*Task details*. Please return the full listing exactly as written, with the images removed.

*Material provided*.

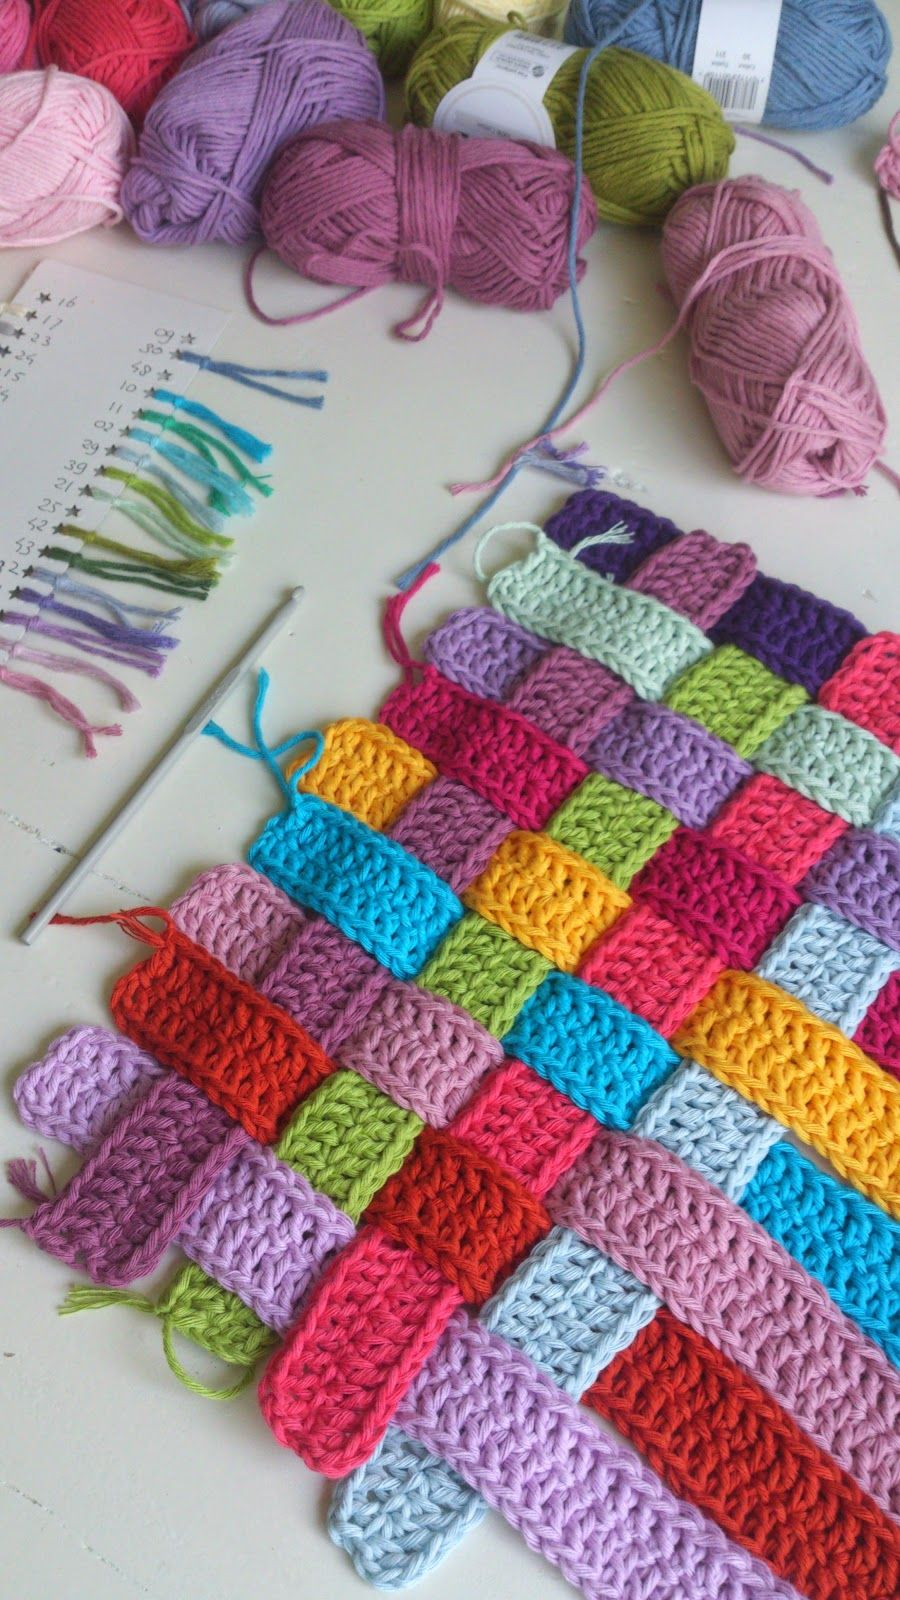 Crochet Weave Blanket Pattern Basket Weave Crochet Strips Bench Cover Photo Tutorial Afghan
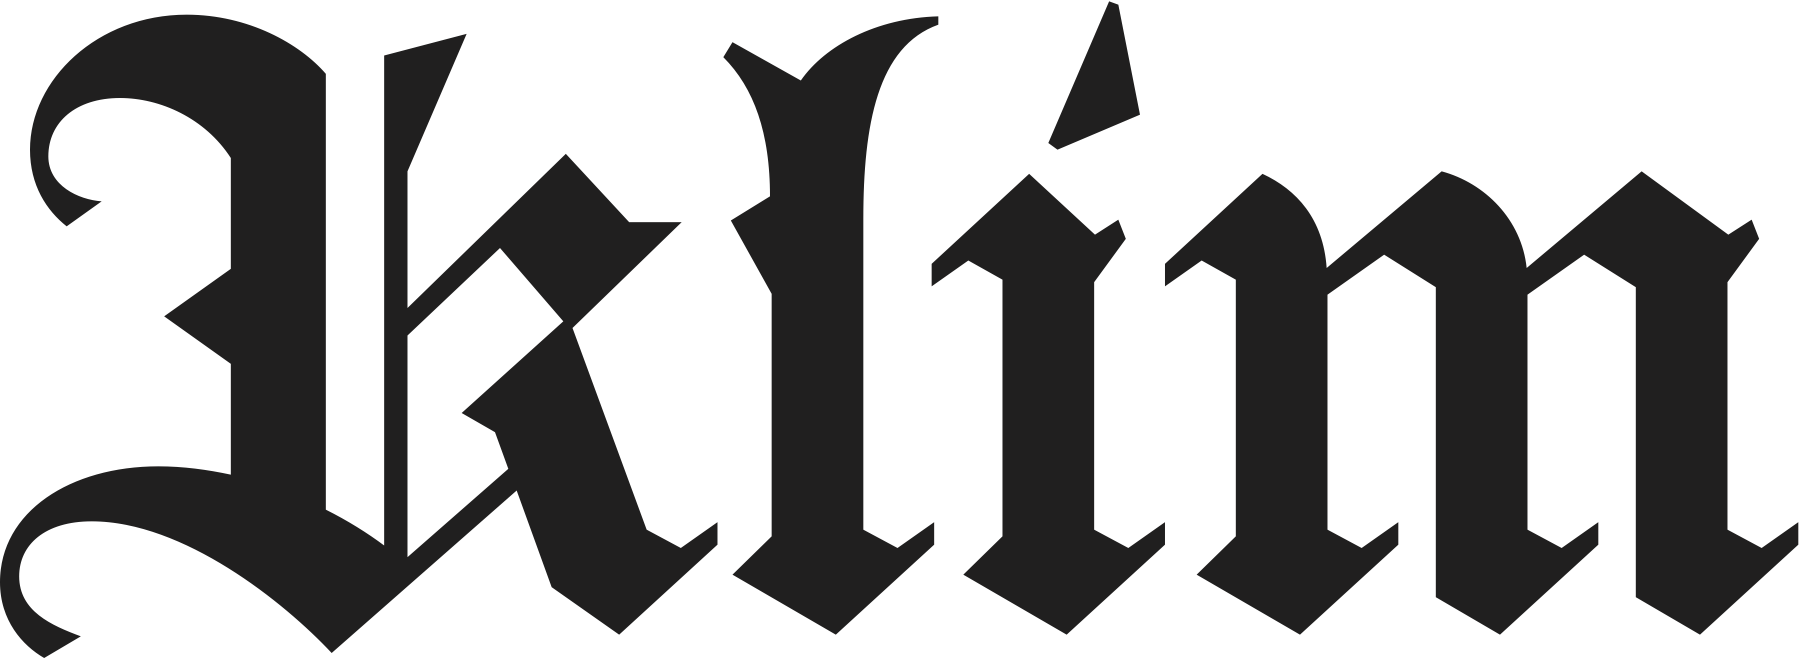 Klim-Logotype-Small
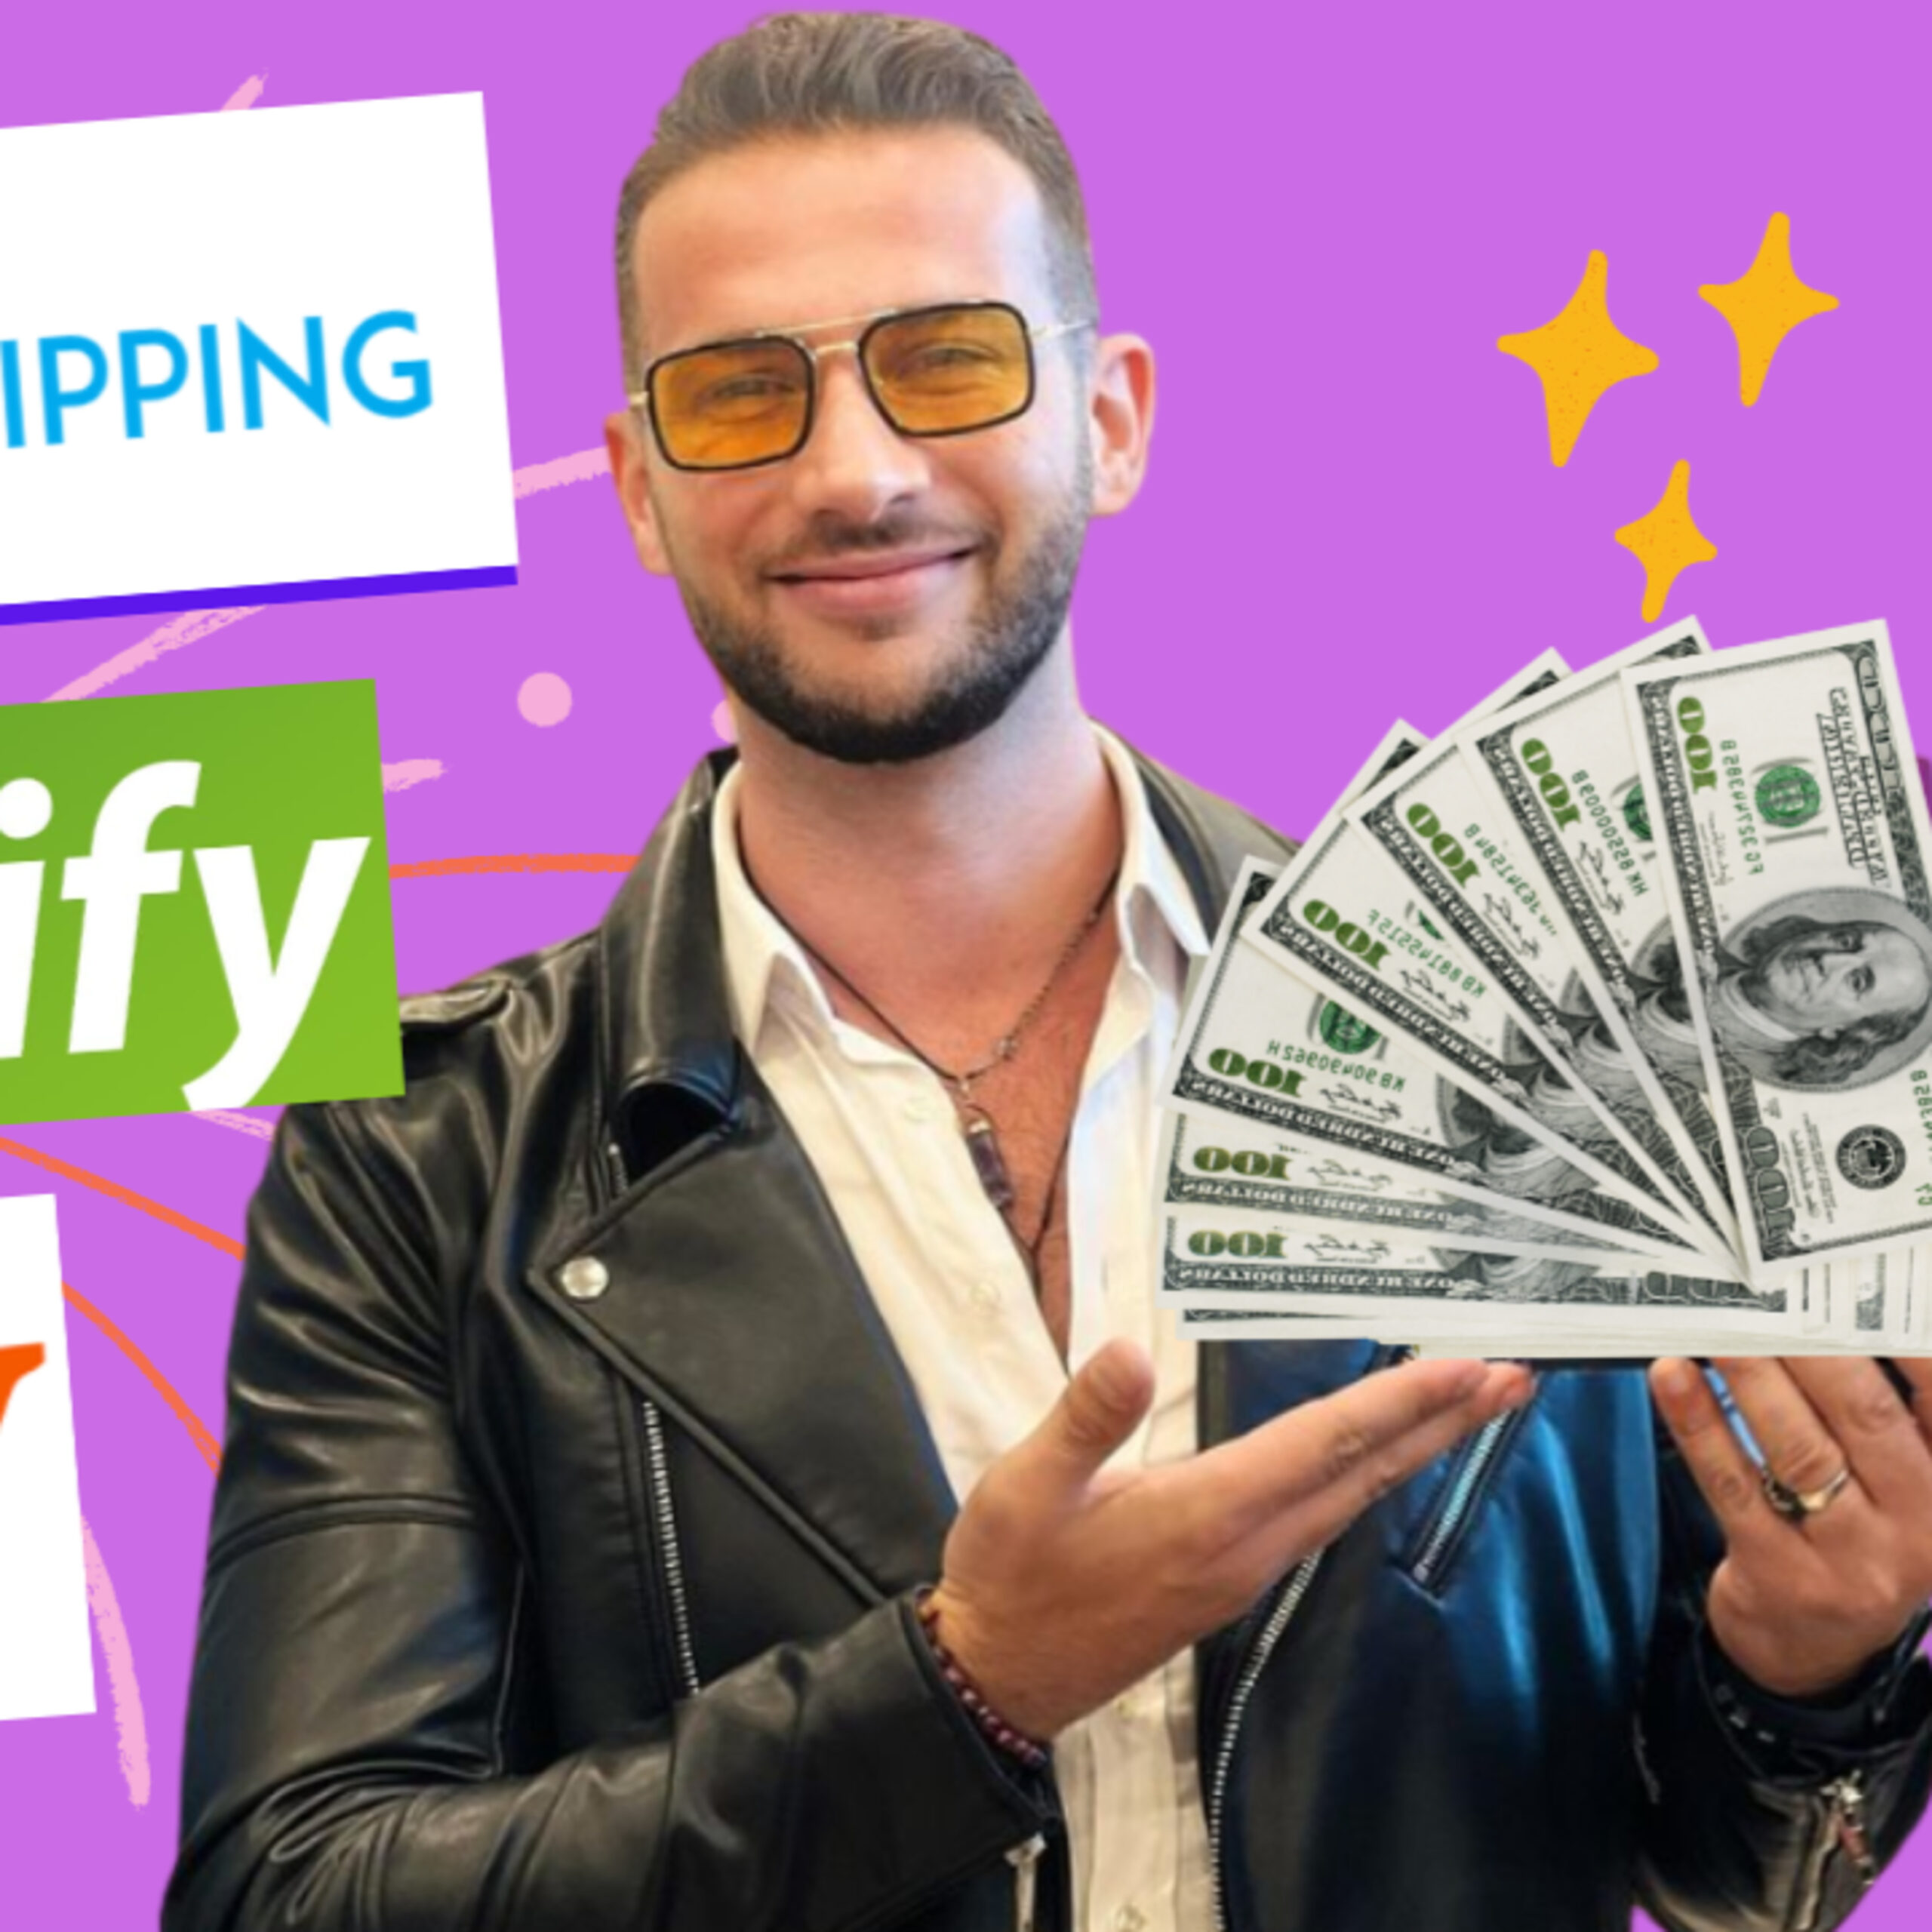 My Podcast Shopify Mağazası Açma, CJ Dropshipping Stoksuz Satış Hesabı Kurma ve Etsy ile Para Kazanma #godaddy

*Written response*.
 Crochet Weave Blanket Pattern Basket Weave Crochet Strips Bench Cover Photo Tutorial Afghan
 Klim-Logotype-Small
 My Podcast Shopify Mağazası Açma, CJ Dropshipping Stoksuz Satış Hesabı Kurma ve Etsy ile Para Kazanma #godaddy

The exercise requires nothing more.